I ran into a clever trick while reading the solutions here https://codeforces.me/blog/entry/133382 (look at problem 2006C, "Implementation — Two Pointers")
The problem is: let's say there's an array $$$a$$$ and an associative operation $$${*}$$$ and we are interested in computing $$${f(l, r) := a_l * a_{l+1} * \ldots * a_r}$$$ , where we want to be able to increment $$$l$$$ or $$$r$$$ and easily recompute $$$f$$$. If we can do that, then we can solve all kinds of two-pointer-style problems.
If $$$f$$$ is invertible, e.g. addition, we can easily do this by just keeping track of a single aggregated value. But what if $$$f$$$ is something like $$$\gcd$$$? In this case, this simple solution won't work. But there is a trick.
With the simple solution, the hard part is incrementing $$$l$$$ because if we only keep the aggregated value for $$$f(l, r)$$$, we can't recover the value for $$$f(l+1, r)$$$. To do that we would ideally need to keep a list of values $$$f(l, r), f(l+1, r), \ldots, f(r,r)$$$ and then incrementing $$$l$$$ would just involve popping the front of the list. But then, incrementing $$$r$$$ is hard because we'd need to recompute the whole list.

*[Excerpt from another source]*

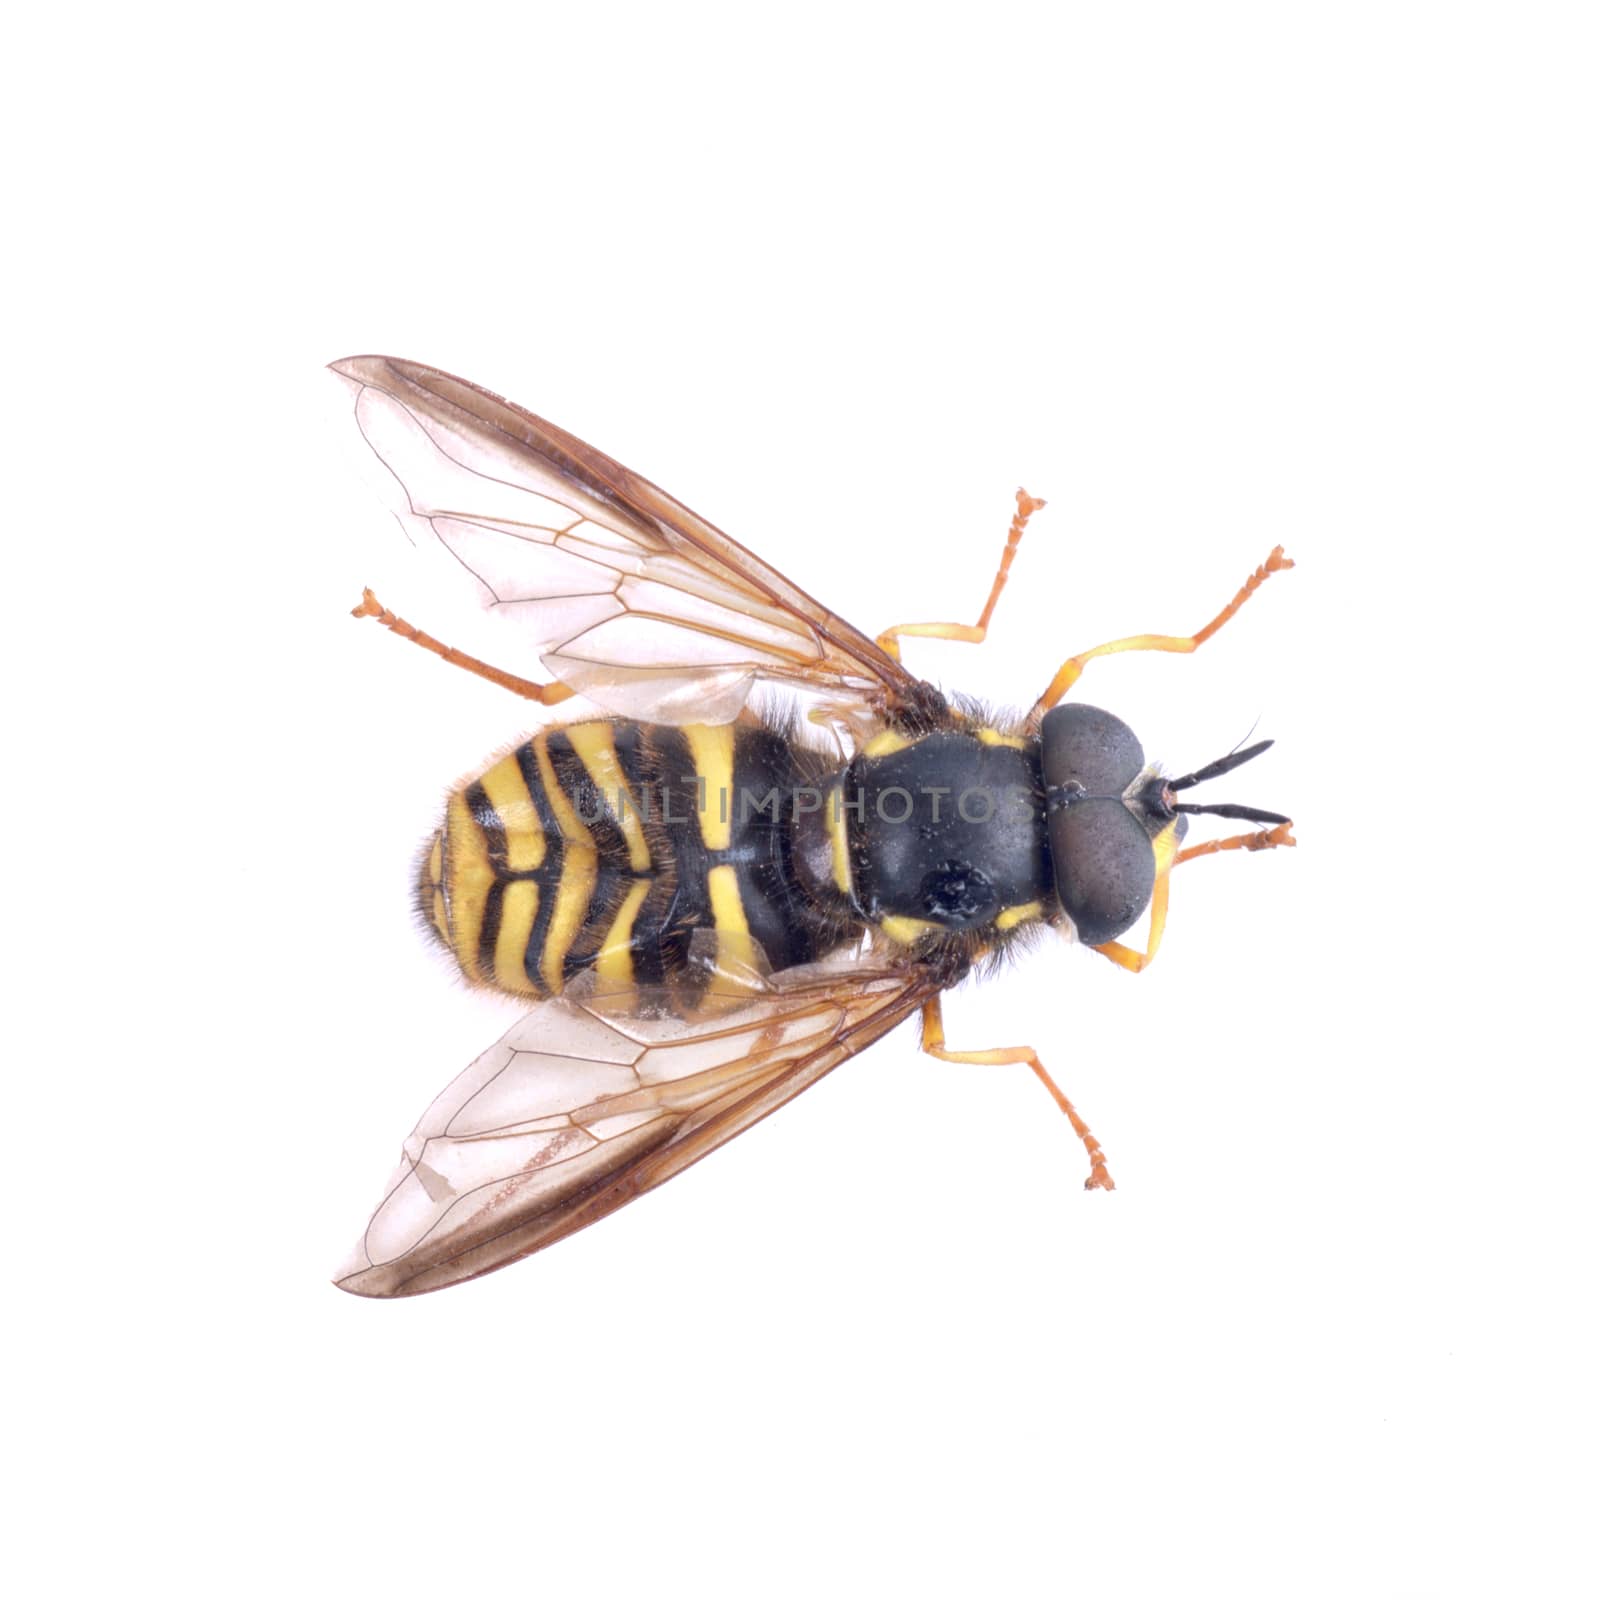 Black yellow striped fly isolated on a white background
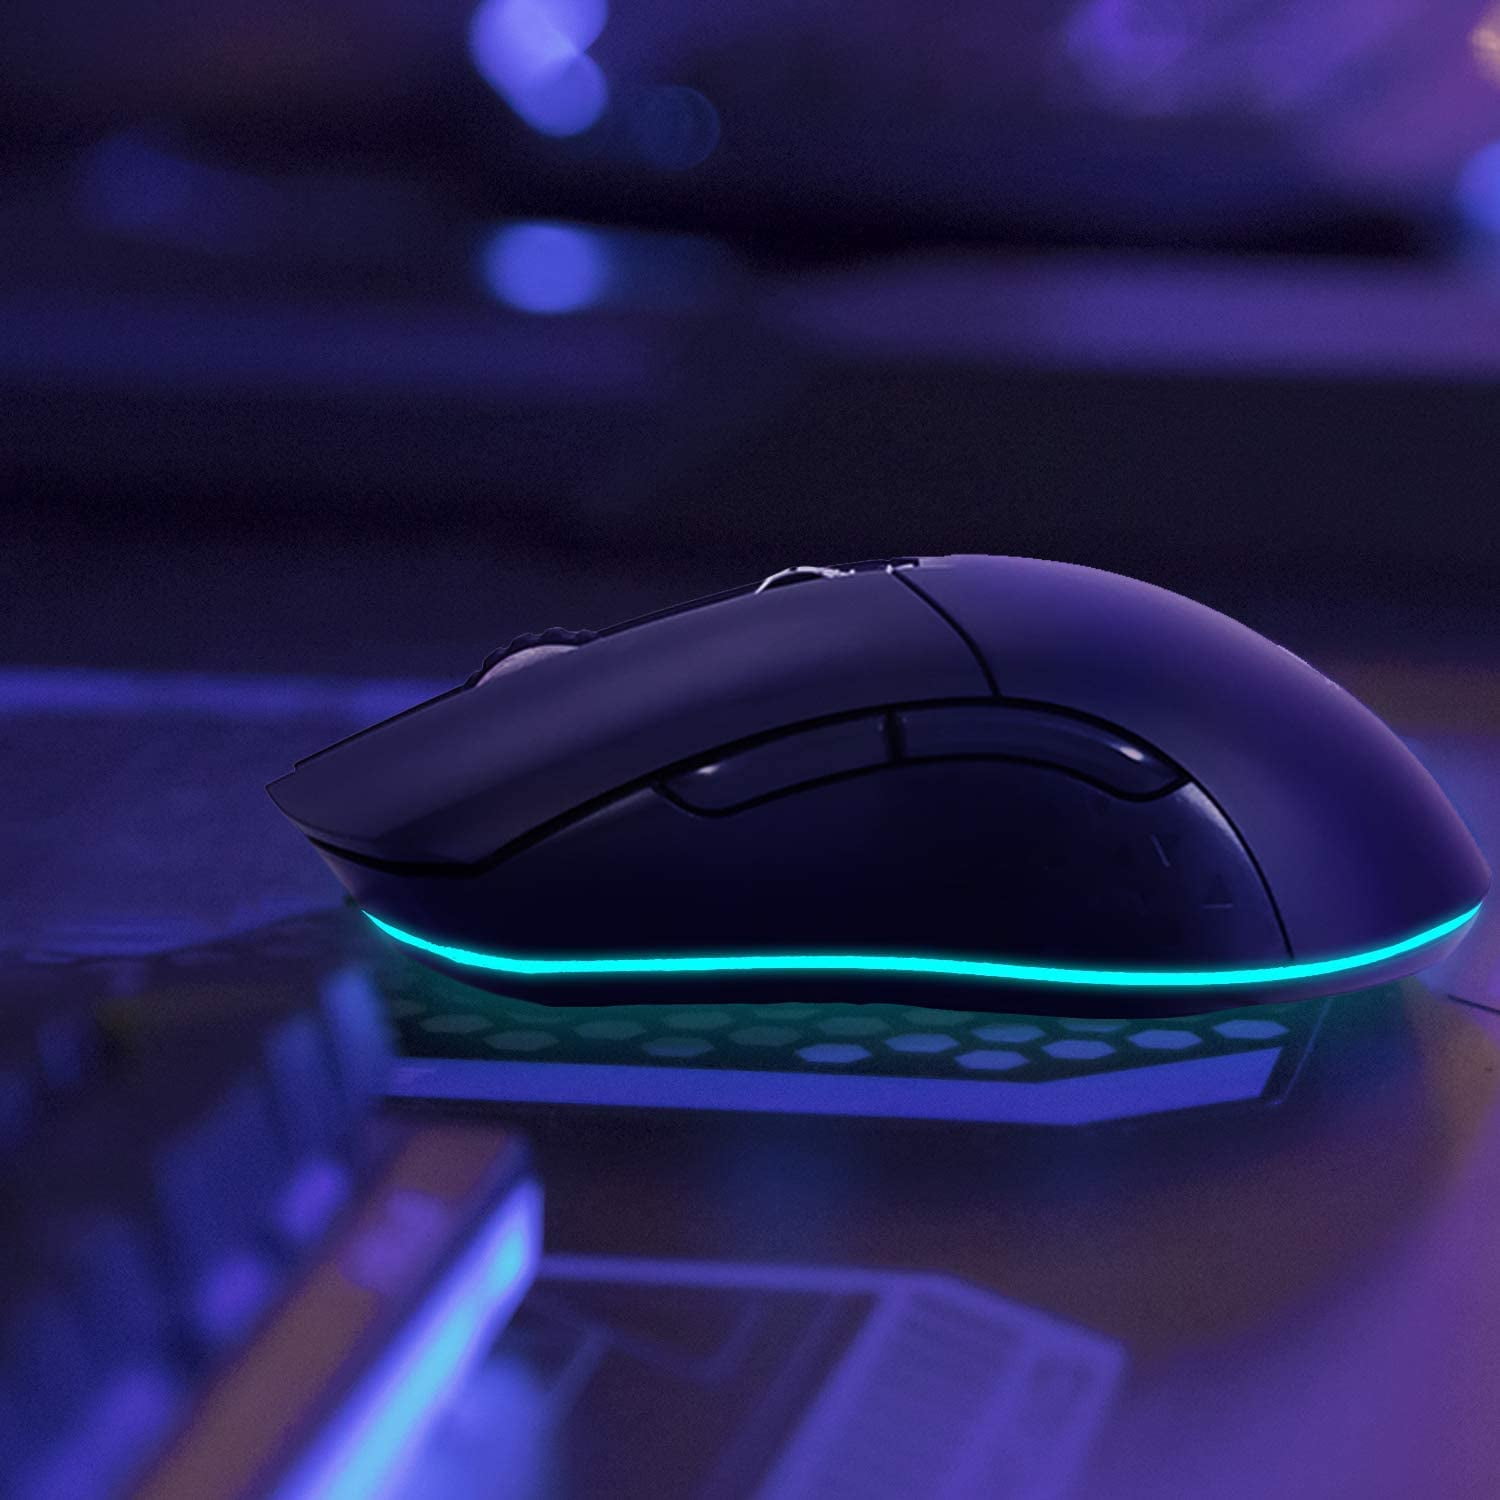 Klim Blaze Gaming Pro Wirless Mouse With Side Buttons for Sale in Aventura,  FL - OfferUp

To combine these two approaches, we keep $$$f(l, m), f(l+1, m), \ldots, f(m, m)$$$ for some intermediate $$$m$$$, and also $$$f(m+1, r)$$$. In the beginning, $$$l=m=r=0$$$ . Then:
- to increment $$$r$$$ we simply recompute the tail value by taking $$$f(m+1, r+1)=f(m+1, r) * a_{r+1}$$$
- to increment $$$l$$$:
- if $$$l < m$$$ we pop the list.
- otherwise, $$$l = m$$$. We set $$$m := r$$$, and recompute the whole list from $$$l$$$ to $$$r$$$. This may seem slow but the subarrays recomputed in this manner don't overlap and therefore this has amortized constant cost.
- to query $$$f(l, r)$$$ we simply compute $$$f(l, m) * f(m+1, r)$$$.
- EDIT: we can decrement l too! Just compute $$$f(l-1, m)$$$ and push to the front of the list. This doesn't break the amortized performance because we never decrement $$$m$$$.
That's it!
Note that this requires we never increment $$$r$$$, so it doesn't fit every problem.
Does this trick have a name? Is it "lore"? I haven't seen it before. But it's been a while since I've done a contest (hard to find time these days...) so maybe it's already well known. For those who haven't seen it, hopefully you find it interesting!